The Hon Josh Frydenberg MP
Speech to the Australian Chamber of Commerce and Industry
27 November 2019
National Gallery of Australia, Canberra
Thank you to ACCI for the invitation to speak at tonight’s dinner.
ACCI which can trace its origins back more than 190 years to the Sydney Chamber of Commerce continues to play a vitally important role representing a wide range of businesses across all sectors of the economy and from all corners of our country.
Like ACCI, we want small and medium-sized businesses to prosper as they are run by the “strivers, planners and the ambitious ones” that Sir Robert Menzies so famously identified in his Forgotten People address more than 75 years ago.
Small business share the values that go to the heart of what the Coalition seeks to promote and achieve through its policies:
- encouraging the individual and their enterprise;
- upholding personal responsibility;
- rewarding effort and hard work.
As I said on Budget night, people running a small business put their livelihoods on the line.
They start early and finish late.
They manage the front desk and the back office.
They pay their workers first and take their own wages last.

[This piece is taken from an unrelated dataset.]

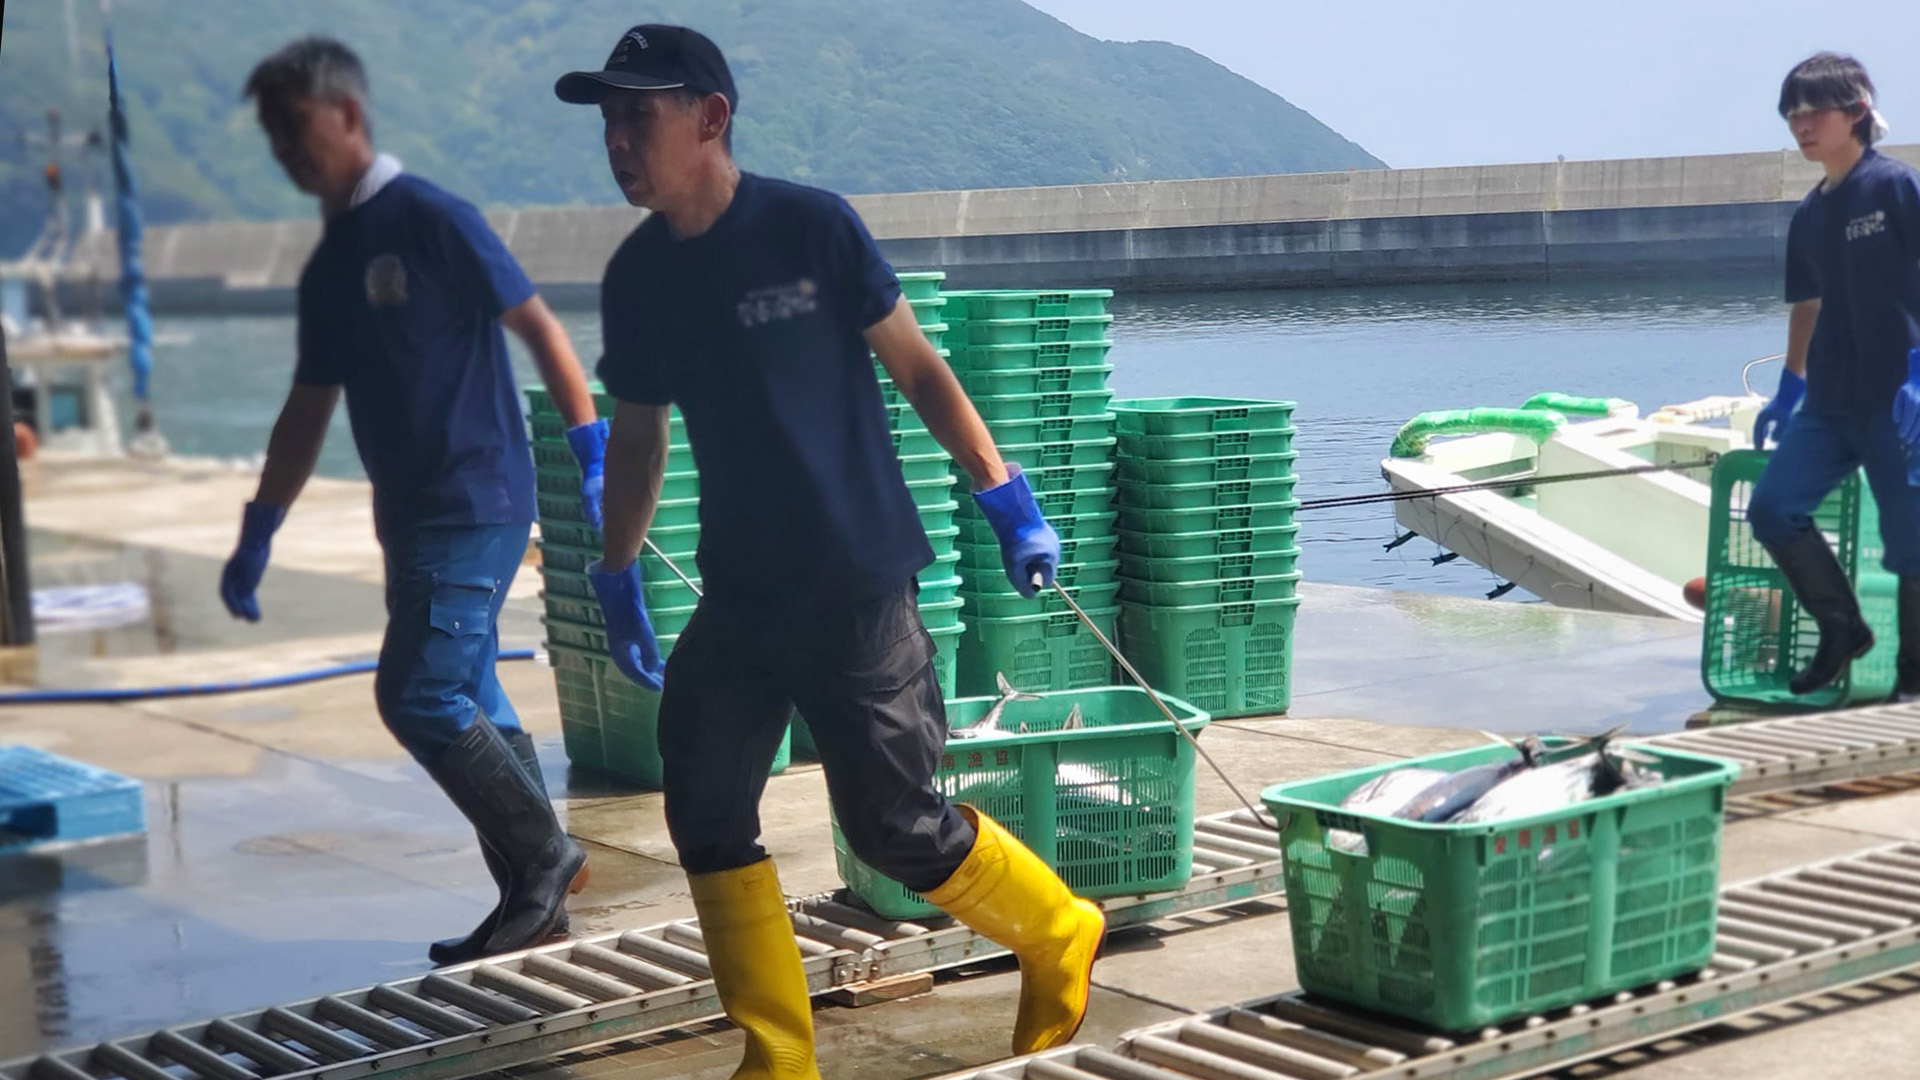 UMIGYO IN SMALL-SCALE FISHERIES IN JAPAN: HOW PROTECTING LIFE

So this evening I want to speak about a number of issues that are relevant to small and medium-sized businesses and therefore the overall health of the Australian economy.
I will touch on three issues.
First the state of the domestic economy and why we are confident about Australia’s economic future.
Second developments in the global economy and the challenge it poses.
And third, the series of initiatives we have undertaken to support SME’s around tax, deregulation, infrastructure and tonight’s announcement of a new $540 million Business Growth Fund.
State of the domestic economy
Last week the Reserve Bank released its November Board minutes as is its usual practice every month.
It referred to the economy reaching a “gentle turning point” after its soft patch in the second half of last year.
The RBA sees economic growth picking up as a combination of factors take hold.
Increased infrastructure spending, tax and interest rate cuts, a rise in housing prices and more investment in the resources sector are all contributing to an improvement in the economic outlook.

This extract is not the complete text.